Balance Billing
When a healthcare provider bills a patient for the difference between their charge and the insurer's allowed amount.
What is Balance Billing?
Balance billing occurs when an out-of-network healthcare provider charges a patient the difference between the provider's full billed rate and the amount the patient's insurer is willing to pay (the allowed amount). For example, if a physician charges $2,000 for a service but the insurer's allowed amount is $1,200, the provider may bill the patient the $800 balance — in addition to any cost-sharing obligations (deductible or coinsurance) based on the allowed amount. Balance billing has been a major source of surprise medical bills, particularly when patients received out-of-network care unknowingly — such as from an anesthesiologist at an in-network hospital.
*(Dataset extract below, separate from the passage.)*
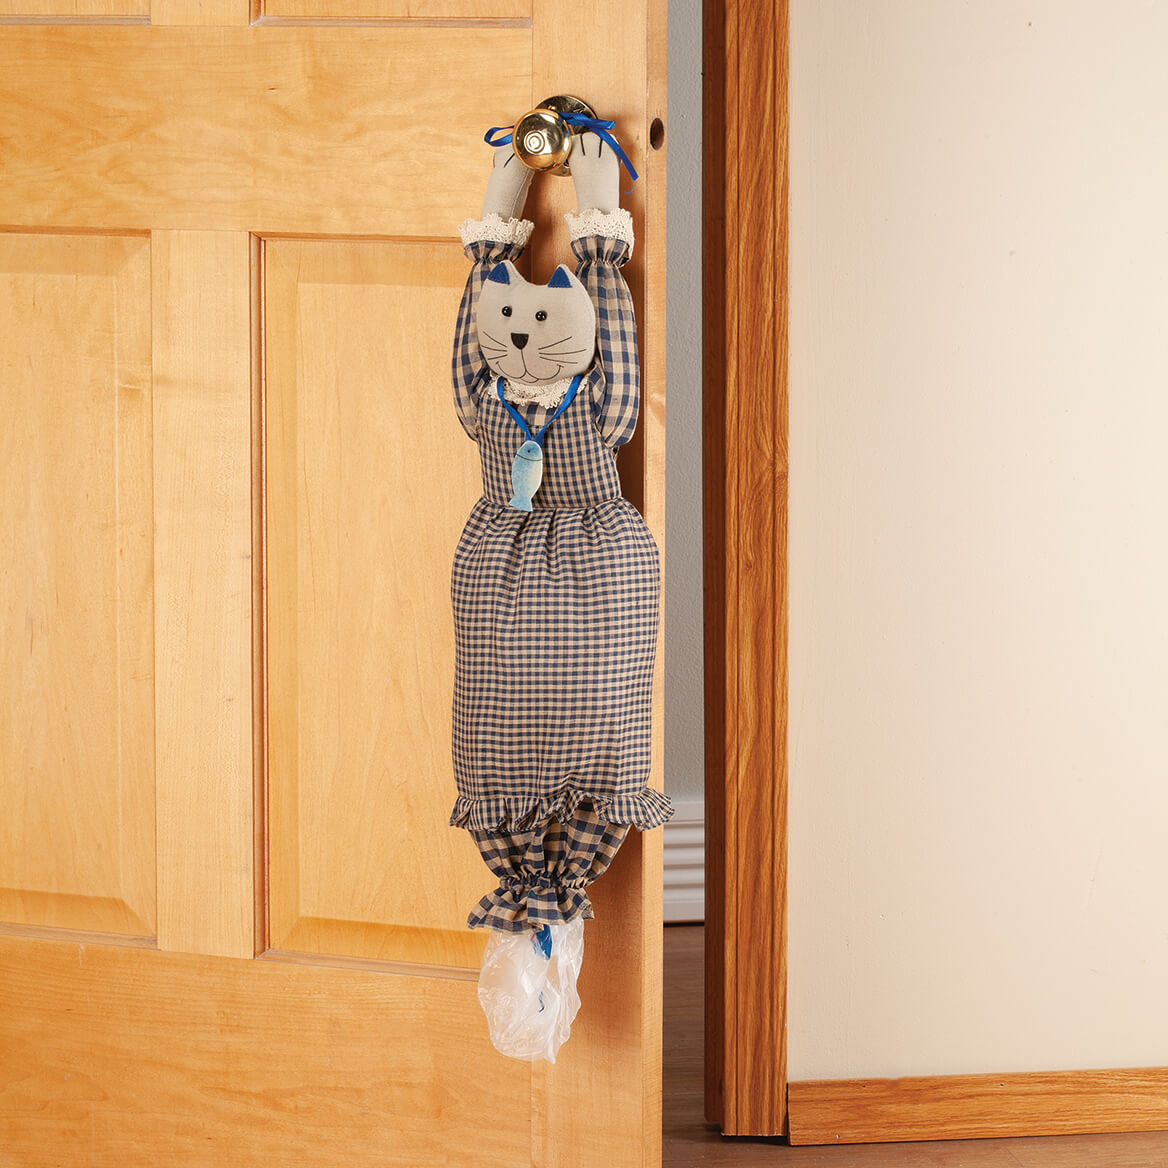 Ms. Kitty Plastic Bag Holder-371120

The federal No Surprises Act (effective January 1, 2022) bans balance billing in most emergency situations and for certain non-emergency care at in-network facilities, limiting out-of-pocket costs to in-network cost-sharing levels.
Example
A patient has emergency surgery at an in-network hospital. Their surgeon is in-network, but the anesthesiologist is not. Before the No Surprises Act, the anesthesiologist could send a balance bill for the difference between their charge and the insurer's payment. Since January 2022, the patient's out-of-pocket cost for this provider is capped at the in-network cost-sharing amount.